Edit: I’m actually unsure about whether 4.1 has image generation functionality at all. The announcement only mentions image understanding, not generation, and image generation is available for neither 4o nor 4.1 through the API. They say that “Developers will soon be able to generate images with GPT‑4o via the API, with access rolling out in the next few weeks” in the 4o image generation announcement, so if it becomes available for 4o but not for 4.1, that would be evidence that image generation requests are currently always handled with 4o. This would make the Coconut hypothesis less likely in my eyes—it seems easier to introduce such a drastic architecture change for a new model (although Coconut is a fine-tuning technique, so it isn’t impossible that they applied this kind of fine-tuning on 4o).
Oh, switching models is a great idea. No access to 4.1 in the chat interface (apparently it’s API-only, at least for now). And as far as I know, 4o is the only released model with native image generation.
4o → 4.5: success (in describing the image correctly)
4o → o4-mini-high (‘great at visual reasoning’): success
o4-mini-high’s reasoning summary was interesting (bolding mine):
There’s one more X thread which made me assume a while ago that there’s a call to a separate image model. I don’t have time to investigate this myself at the moment, but am curious how this thread fits into the picture in case there’s no separate model.
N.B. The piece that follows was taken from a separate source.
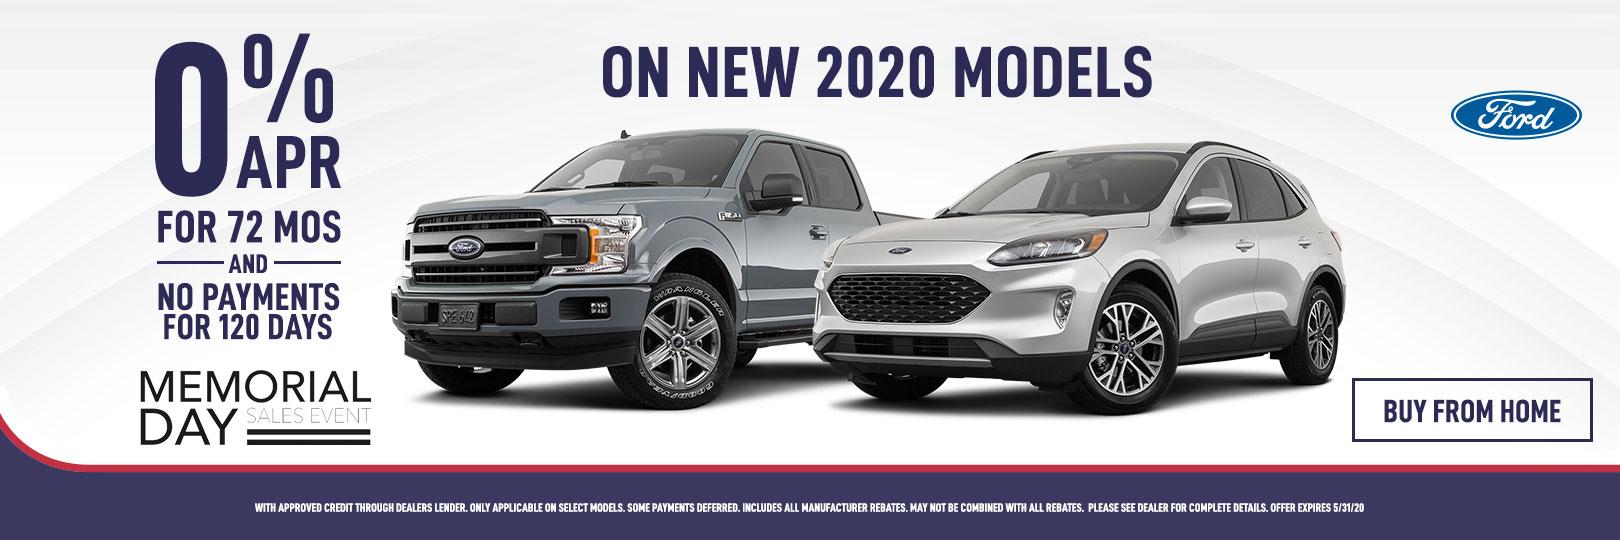 0% APR on 2020 Ford Models

The running theory is that that’s the call to a content checker. Note the content in the message coming back from what’s ostensibly the image model:
That certainly doesn’t seem to be either image data or an image filename, or mention an image attachment.
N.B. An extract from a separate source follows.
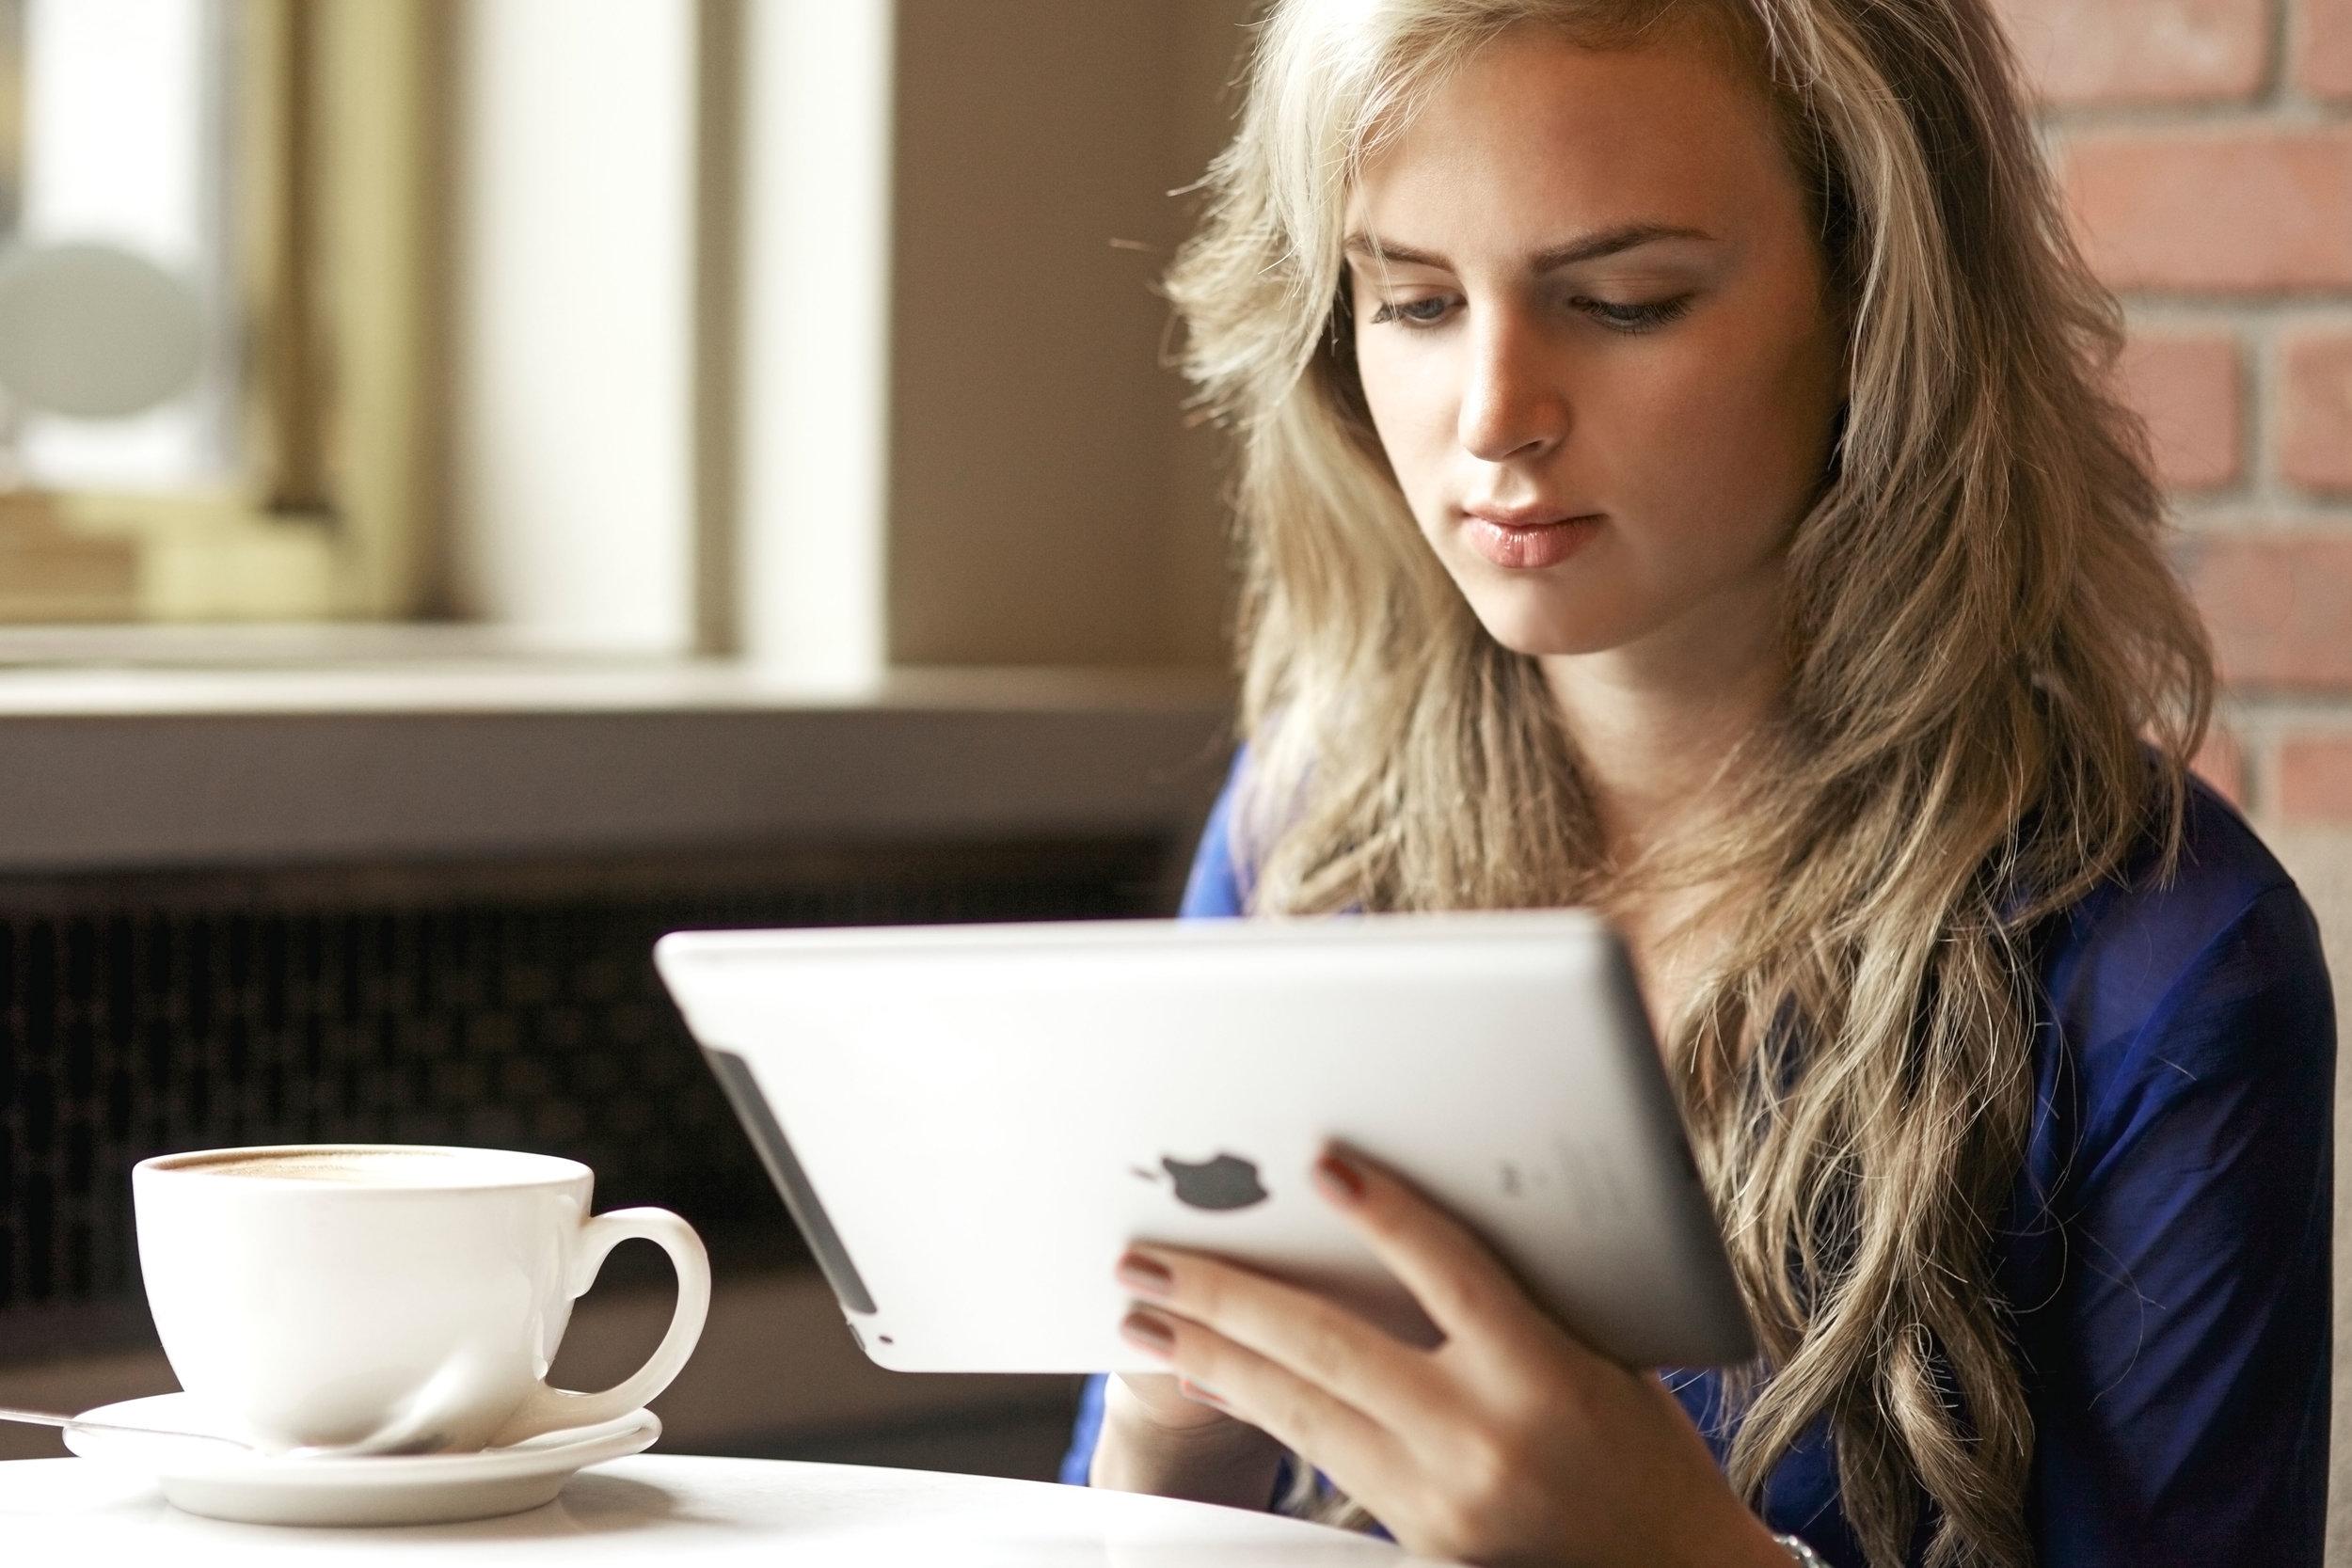 Woman on an iPad

But of course much of this is just guesswork, and I don’t have high confidence in any of it.
Thanks! I also believe there’s no separate image model now. I assumed that the message you pasted was a hardcoded way of preventing the text model from continuing the conversation after receiving the image from the image model, but you’re right that the message before this one is more likely to be a call to the content checker, and in that case, there’s no place where the image data is passed to the text model.
Although there are a couple of small details where the description is maybe wrong? They’re both small enough that they don’t seem like significant evidence against, at least not without a larger sample size.